| Chapter 18

324 45 0
                                    

When Vera and I returned to the trainways filled with people, we noted the silence. So many looked at one computer, hovering over each other, pushing into the person beside them. David turned around when he saw us, biting his lip.

"What's up?" I asked. "What's going on?"

"The ship's really falling," he said.

I glanced at the screen behind him. "I thought we knew that."

"Yeah, but not at this speed." David pulled me around the group and pointed at the monitors. "See that? It's too close to the buildings near the lake. Another hour or so and it'll take the tops off them."

Slowly, I nodded. "All right." I glanced back at Vera. "Is there a way you can call the ship or something? Like a phone?"

Vera shook her head. "No," she said. "We don't have phones. Not like you guys do."

David growled. I could tell he didn't like the sound of no communication or lack thereof. I just knew there had to be something.

Biting my lip, I looked back at Vera. "How do you contact your people when you're down here?"

"We don't." Vera came beside us, watching the screen, too. Even though the scene was grainy, captured by modern cameras but displayed on outdated systems, you could just see the terrors that would land. What made it worse was that no one was paying attention.

Having aliens so close was too normal.

Vera twiddled her fingers in front of her, nervously. "Unless you have business down on Earth, you don't leave the ship. And if you do, you have an escort, someone official."

"Oh." I nodded, understanding. "Like that guy who came with your dad?"

Vera nodded. "Yeah, Brylon. He's kind of our personal guard."

"Can we call him?" David looked back at her. "A way to reach him?"

Vera bit her lip. "He's probably looking for me now, anyway. Or my father; I couldn't find him either. I'm worried."

I was worried, too. Despite the tight feeling I had in my gut, I knew now wasn't the time to cling to my anxieties. I had to push forward. Like had Vera said—stop the bad, bring the good.

"Well, what if we get on the ship?" I turned, facing both David and Vera. "It's crashing, right? Is there a way to stop it from falling? Something we can press?"

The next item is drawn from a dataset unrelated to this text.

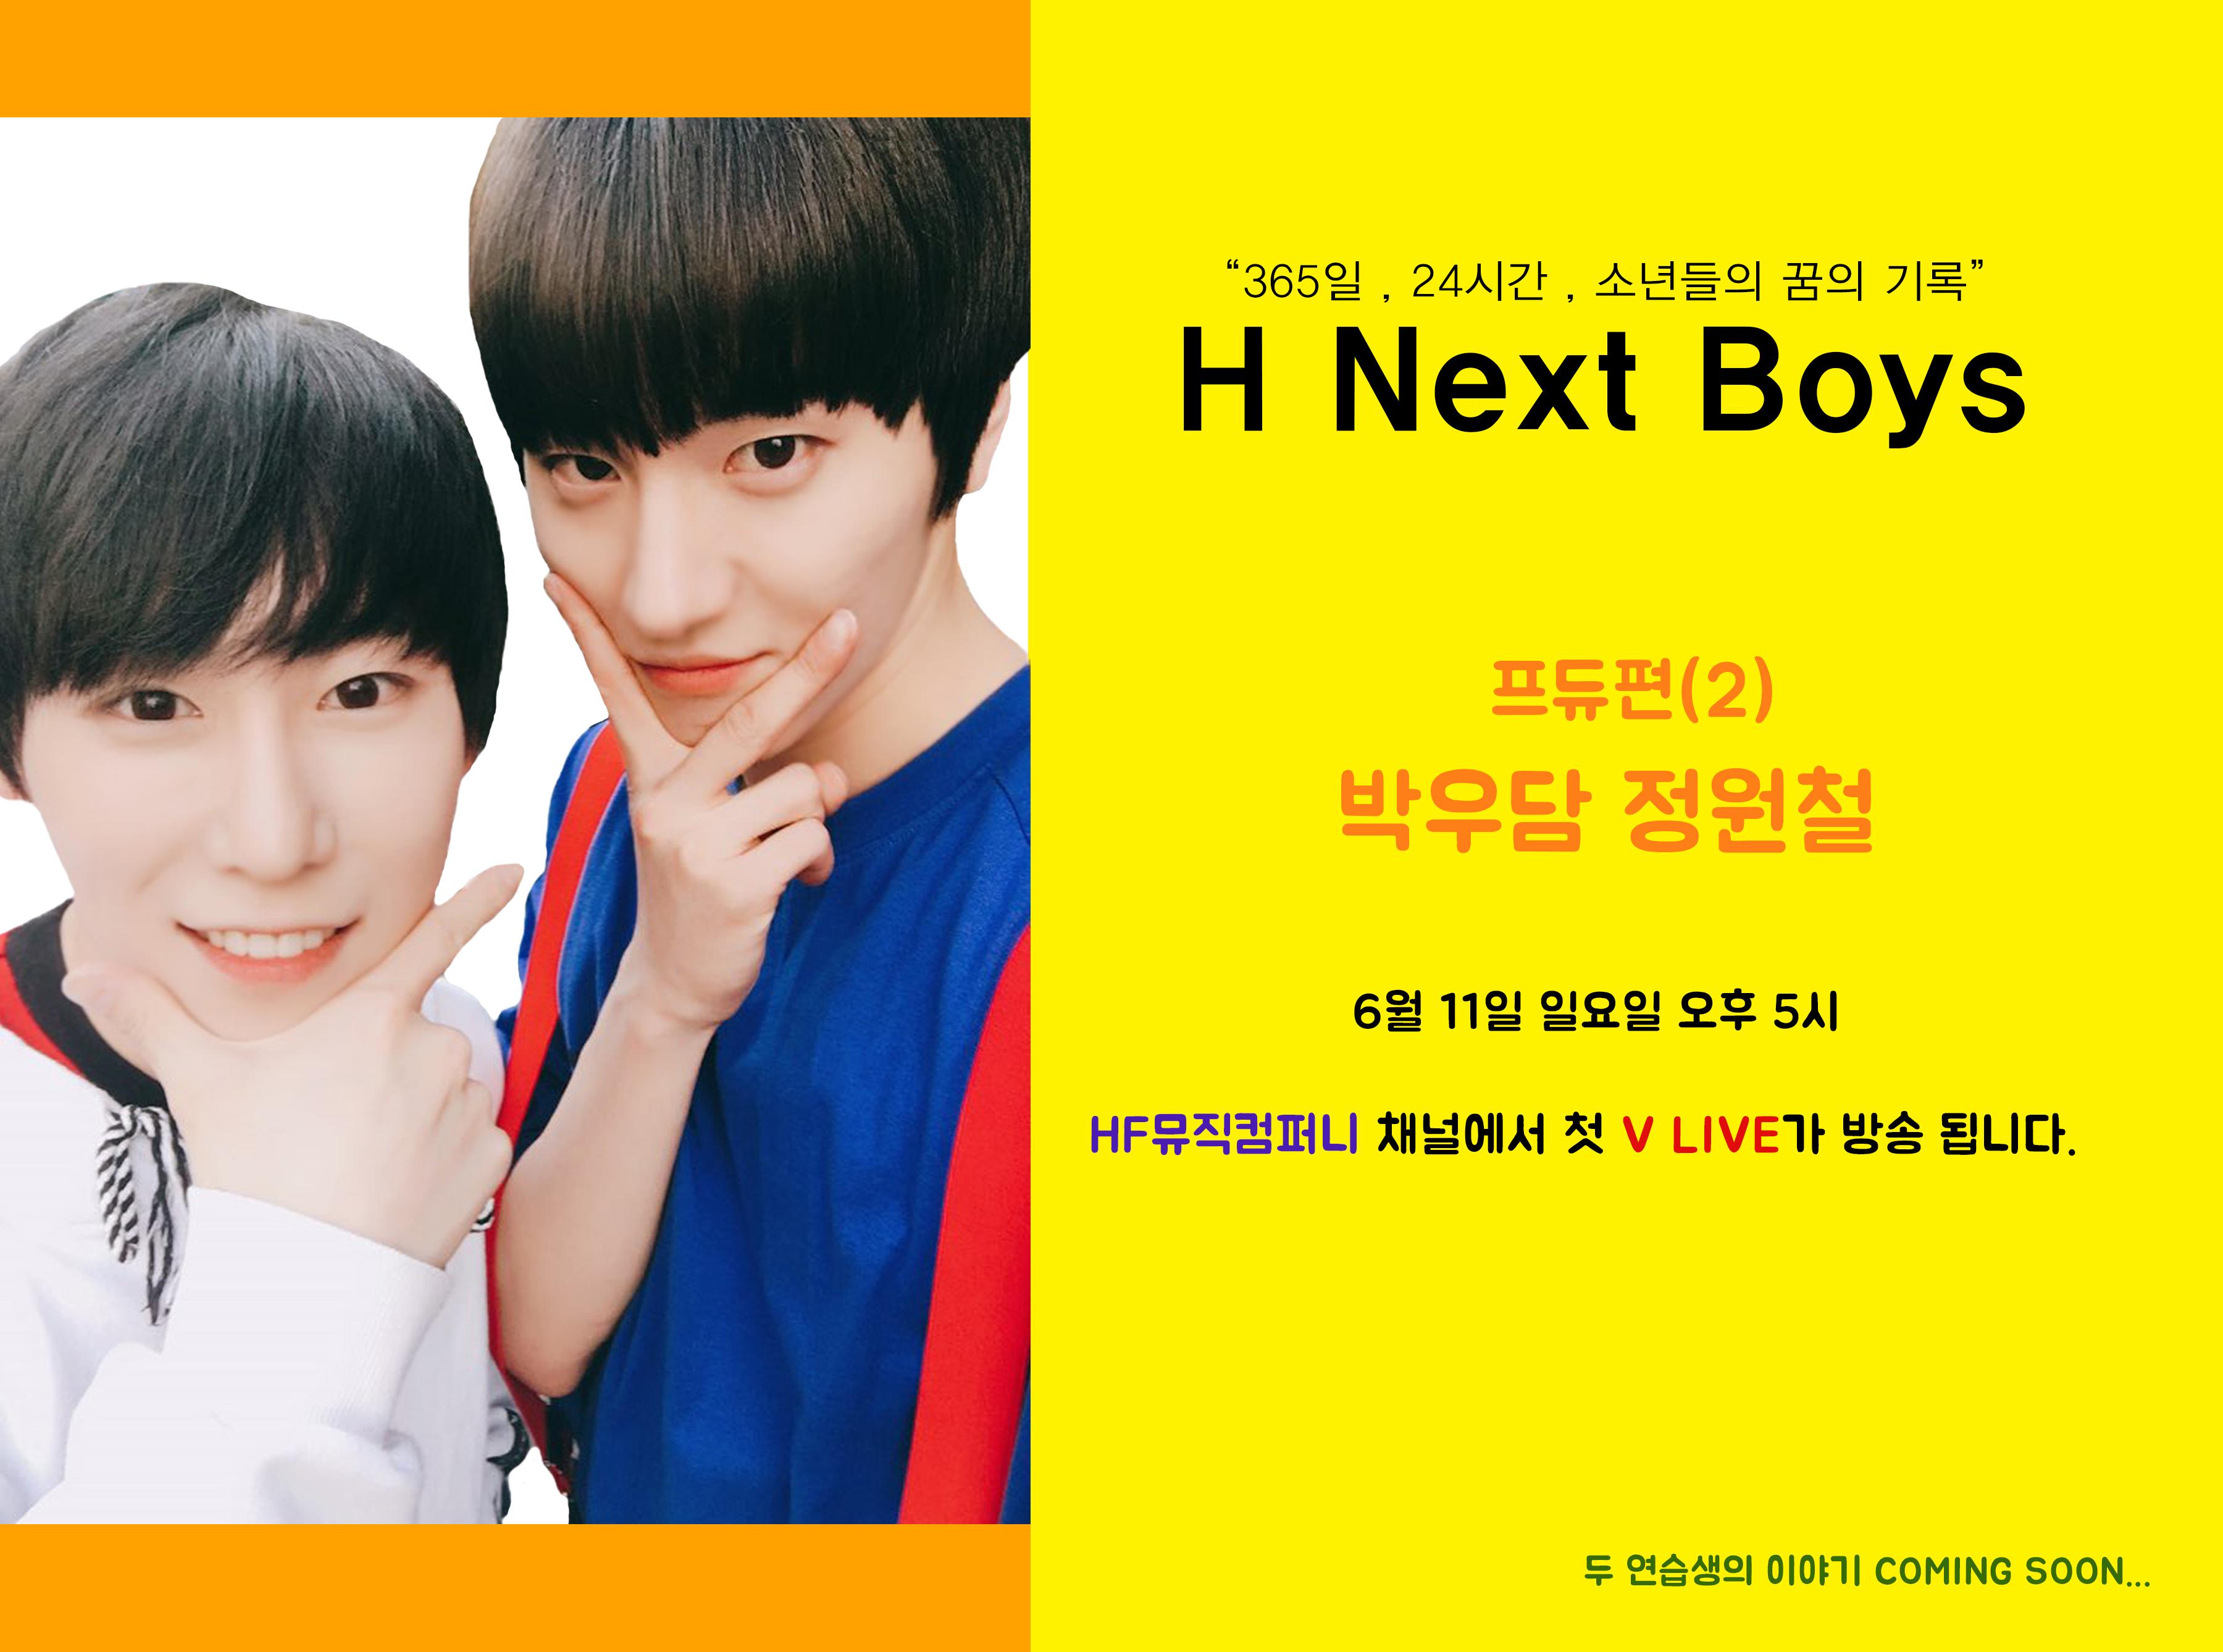 [HNB] 소년들의 꿈의 기록 - 프듀편(2) 박우담, 정원철

"There's probably something in the control room." Vera looked down at her feet and rubbed her chin. "But I don't know how."

"Okay, fine." I turned to David. "What about everyone outside? No news outlets have picked this up. Nothing?"

"Nah." David ran his hands through his hair as he looked back at his team for confirmation. "It's been quiet."

"Hm." I sucked my bottom lip up between my teeth and exhaled sharply through my nose. "There has to be something..."

Vera looked at the both of us before pushing through the group to stand the closest to the monitor's screen. "Chaos?"

She said it so nonchalantly, all heads turned towards her.

Vera shrugged, glancing at every set of eyes peering in her direction. "You need a reaction, right? No one's paying attention. And it's too quiet, so Holmes is just sneaking around like he doesn't have a care in the world. But if everyone was out, if everyone was making noise, then he'd be stuck, right?"

Vera had a point. As negative as chaos and panic could be, sometimes it was the only way to get the desired reaction. There had been studies that proved it, right? To find our bad guy, we needed to rush out on the streets.